Reinforcement Learning-Based Stable Autonomous Navigation for Energy-Intensive Industrial Environments
摘要
Autonomous navigation in energy-intensive industrial environments such as mining facilities and underground infrastructure is challenging due to constrained spaces, dense obstacles, and increasing environmental complexity. Although deep reinforcement learning (DRL) has shown promise for robotic navigation, widely used algorithms often suffer from unstable learning behavior and limited scalability in obstacle-dense settings. In particular, Proximal Policy Optimization (PPO) exhibits high reward variance and slow convergence as environment size and obstacle density increase.
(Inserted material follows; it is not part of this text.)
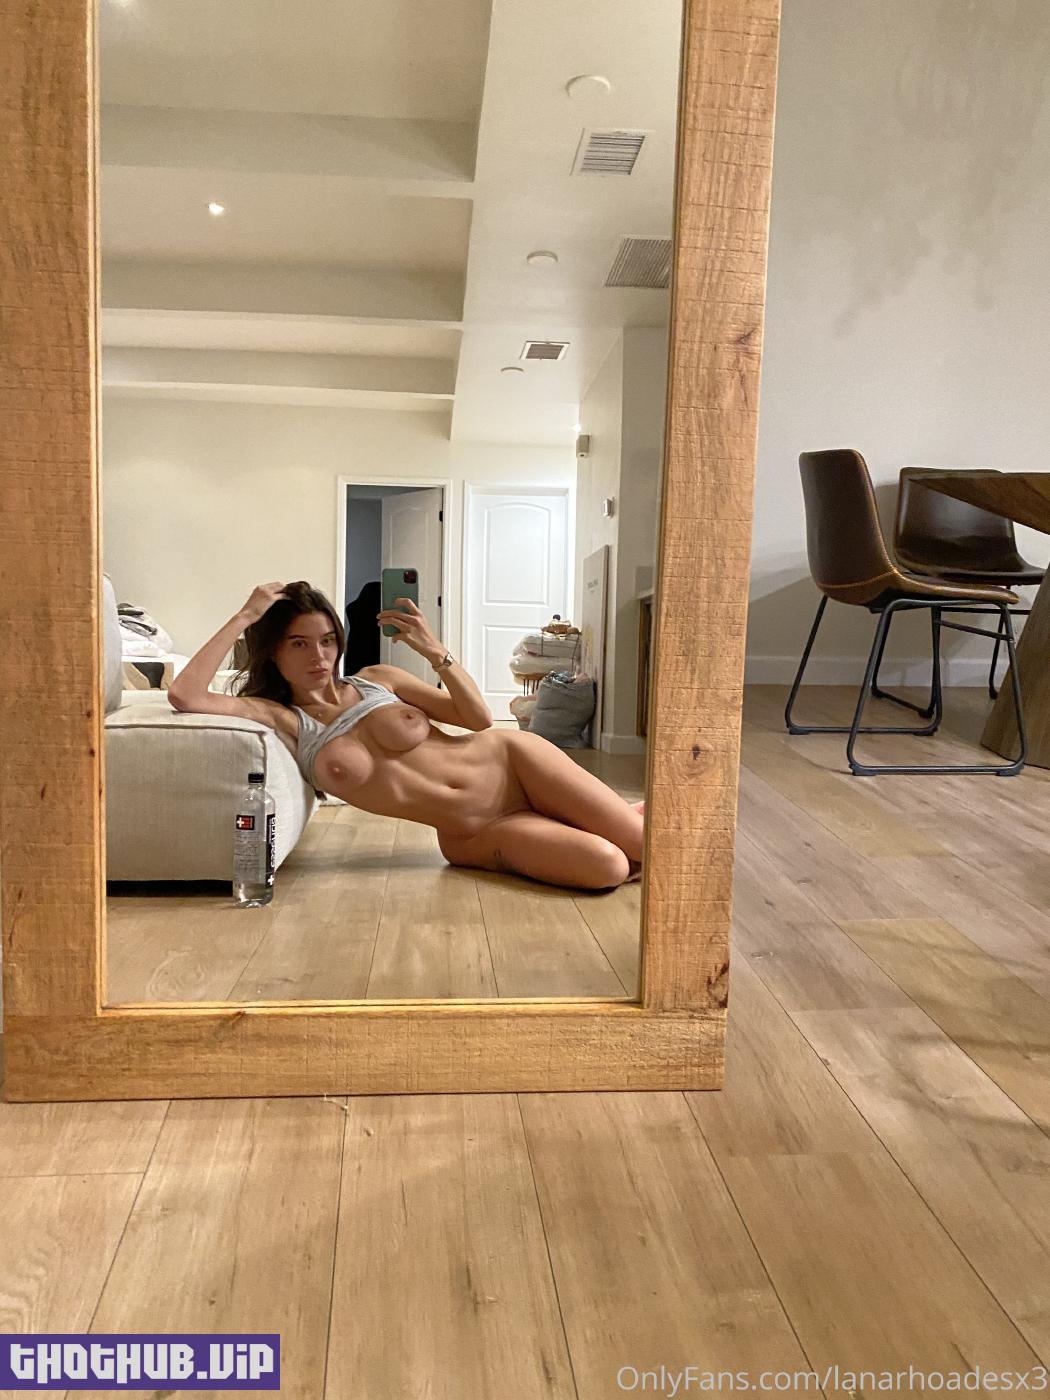 1662649611 29 Lana Rhoades Nude Mirror Selfies Onlyfans Set Leaked
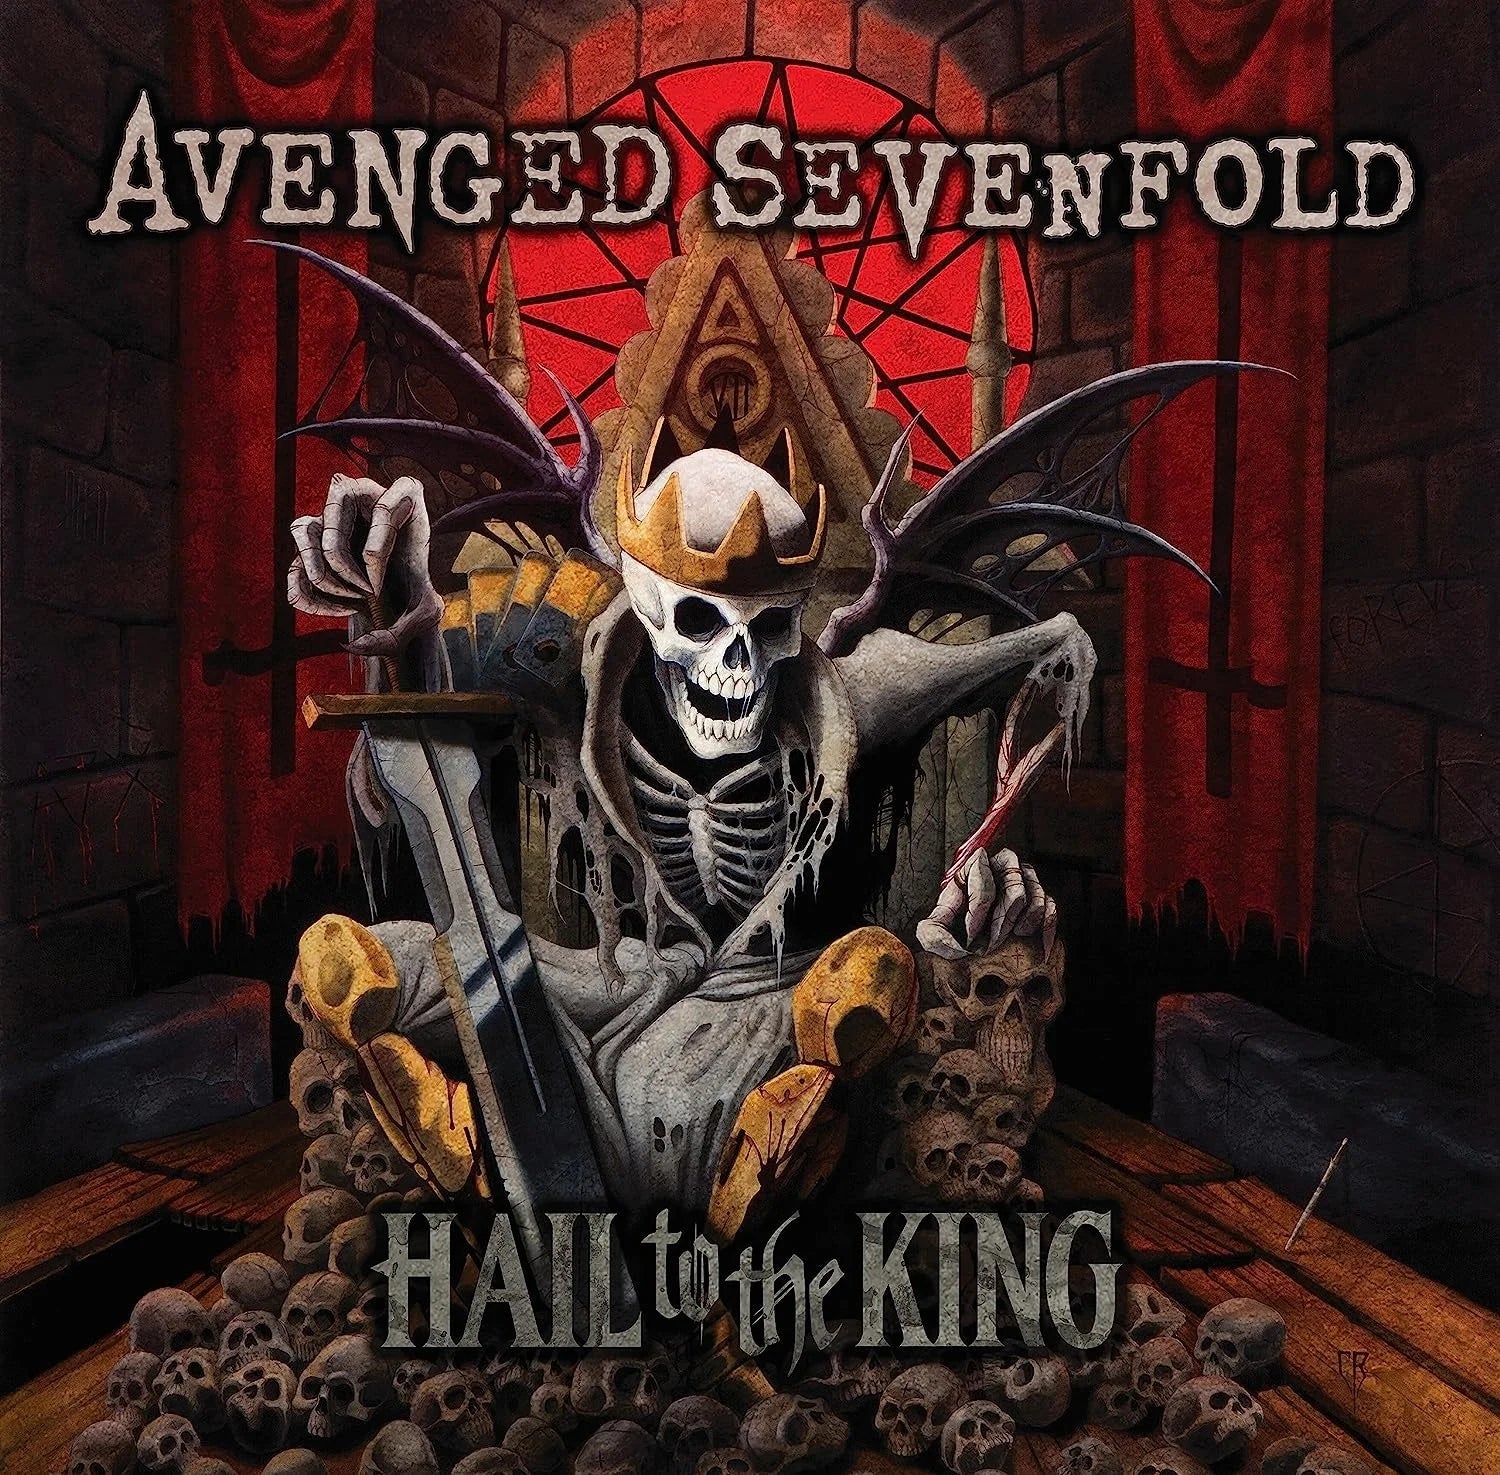 Avenged Sevenfold - Afterlife (2008)

This paper presents an application-driven stabilization study of PPO for autonomous navigation in energy-intensive industrial environments. Rather than proposing a new reinforcement learning algorithm, the study integrates practical stabilization mechanisms, including regulated policy updates, mining-aware reward shaping, generalized advantage estimation, and agent-side observation augmentation. The approach is evaluated in grid-based simulation environments that abstract key characteristics of industrial navigation, such as spatial constraints and obstacle density, across four progressively complex use cases. Experimental results demonstrate smoother convergence behavior, reduced reward variance, higher navigation success rates, and fewer collisions compared to PPO, Advantage Actor–Critic (A2C), and Soft Actor–Critic (SAC). These findings highlight the relevance of stabilized reinforcement learning approaches for reliable autonomous navigation in energy-intensive industrial and infrastructure applications.